One nly have one life in his lifetime. And for once in a life time, you want to end it up. What logic is that? You gonna work it out no matter how bad situation is that, because God live at our side, he lead us and save us. Unless you're a sinner then I've nothing to comment.

Faith is very important in every decision we made. I don't really think that suicidal is a faith-ful decision, it doesn't make sense in any way. Everyone will have bad time in their life, but it just bad time, it's not doomsday, even doomsday had passed. 

How to describe life?

It's like Harry Potter series. Voldemort jumped out in the middle of the story and kill and scream and yell and he own a freaking flat nose. It's like the collapse version of Micheal Jackson's nose, and it's pathetic to hell. That's the bad part of your life, when all the things just went so wrong, but you know you will kill Voldemort if you read the book before the movie. ( Even you don't read, common sense tells the same. )

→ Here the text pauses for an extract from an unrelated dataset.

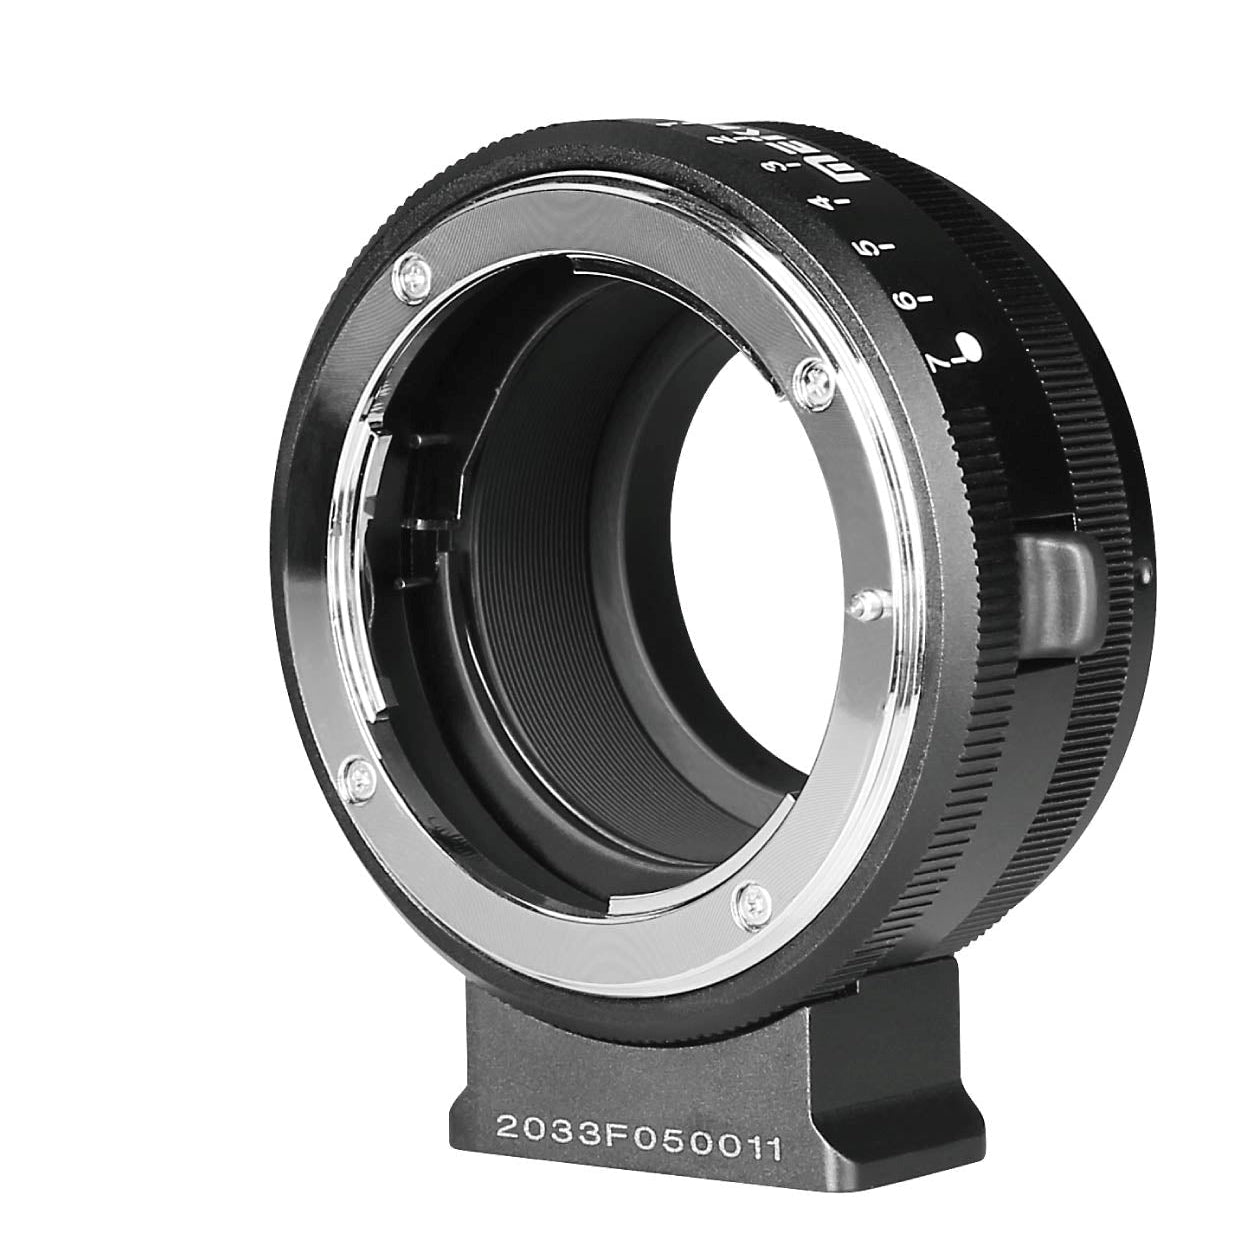 Meike MK-NF-P Adapter for Nikon F-mount Lens to M43-Mount Mirroless Camera Panasonic Olympus like E-PL5 E-PL6 E-PL7 GM5 GX1 GX7 G3

You have to wait for the better, and never lost in hope. Remember what I talked about The Secret and the positive thinking? You cannot be defeated by those bad days because your life gonna be forever bad days if you do that. You never have a moment of happiness? 

Think of your friends and family, because they're your inspiration and your hope. Happiness is what happened when the inspiration came across your mind.



See? Nothing is impossible. Steve Job can create iPhone and why you can't just be positive? It's damn easy compare to create iPhone right?

If you're not an Apple fans, then think of Mark Zuckerberg, he created Facebook, and please give a smile if you think that smiling is much more easier than writing programmes for Facebook.

If you don't like Facebook, then nevermind. What are you doing now? You thought that make someone to read on your blog is very easy? If not, then please be positive like me because blogging is kinda hard compare to think of my happiness moment.



It just another second until you realise how big you can be after you kill yourself, so just wait for a moment before you wanna die because you will know how pro you are and how life can be very meaningful. You need to accept things in your life, and let them go. 

If you keep reading the same chapter of your life, you will never go for the next chapter.

If you need a rest, you can go for a sleep. If you need some time to think for a solution, you can have your time. But you can't do anything if you're not breathing for more than 5 minutes.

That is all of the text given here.